Our first goal was to identify if neuronal loss occurs prior to the formation of LBs or in a later stage of the disease. To address this question, we performed neuronal cell counts using the optical fractionator method throughout the substantia nigra (SN). We found that the neuronal loss is present prior to the formation of LBs, indicating that the aggregates might be a secondary event in the pathological cascade in PD. Next, we used the SN tissue from these donors and performed whole-genome transcriptome analysis, which revealed molecular pathways, altered prior to the formation of the LBs and in advanced PD. Interestingly, pathways such as mammalian target of rapamycin (mTOR) and eukaryotic initiation factor 2 (EIF2) signaling were already deregulated in the SN of donors with Braak stages 1 and 2. The alterations in mTOR and EIF2 signaling pathways have also been identified in peripheral mononuclear blood cells transcriptome studies. Influencing these pathways may hold the key to alter disease progression in PD and as alterations in EIF2 are observed in the blood cells, deregulated elements of the EIF2 pathway may serve as biomarkers for PD.

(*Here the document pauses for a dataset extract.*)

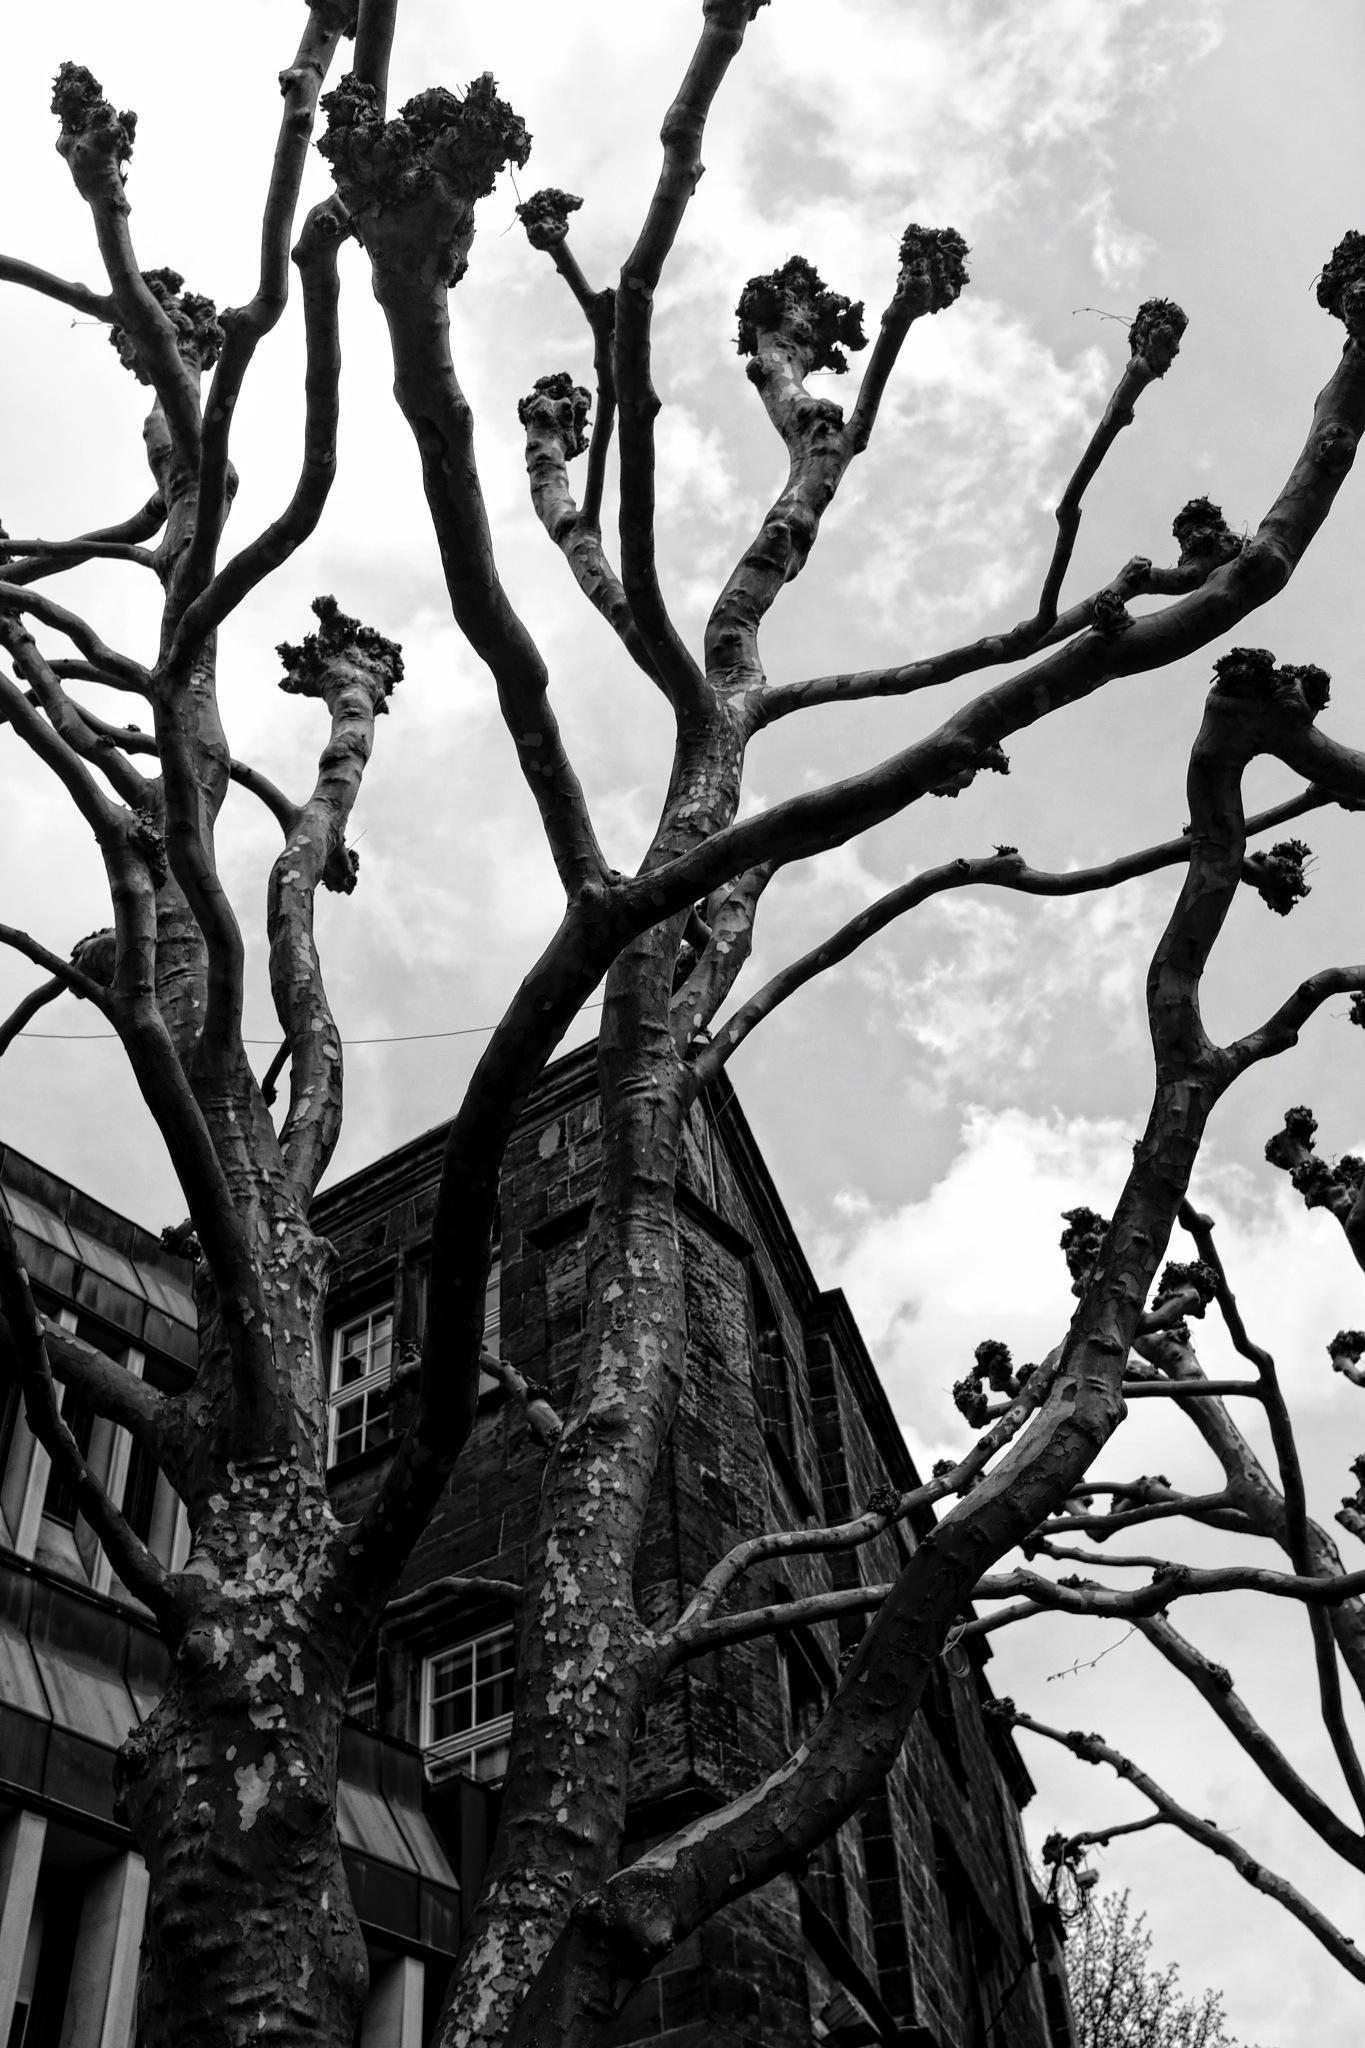 Der Baum am Dom by peterkryzun

Next, we explored molecular changes in three other vulnerable regions in the brainstem, including olfactory bulb, dorsal motor nucleus of the vagus and locus coeruleus. We found that the immune response, protein synthesis and autophagy are deregulated in all brain regions in iLBD donors. Molecular mechanisms involved in the formation of LBs in all regions in iLBD included the ubiquitin proteasome system (UPS) and mitochondrial dysfunction. In addition, we identified novel pathways in the formation of LBs, including isoleucine and valine degradation and polyamine regulation. Valine and leucine are thought to interact with mTOR and EIF4. Further studies are needed to elucidate the role of these pathways in PD pathology. Wilma van de Berg and Angela Ingrassia are continuing to validate these findings, and follow-up studies based on this data are being conducted in collaboration with Marie-Christine Chartier-Harlin (Lille, France).

Currently, I work as a postdoctoral researcher at the department of Neurology at the University of California, San Francisco, where I study molecular changes in frontotemporal dementia.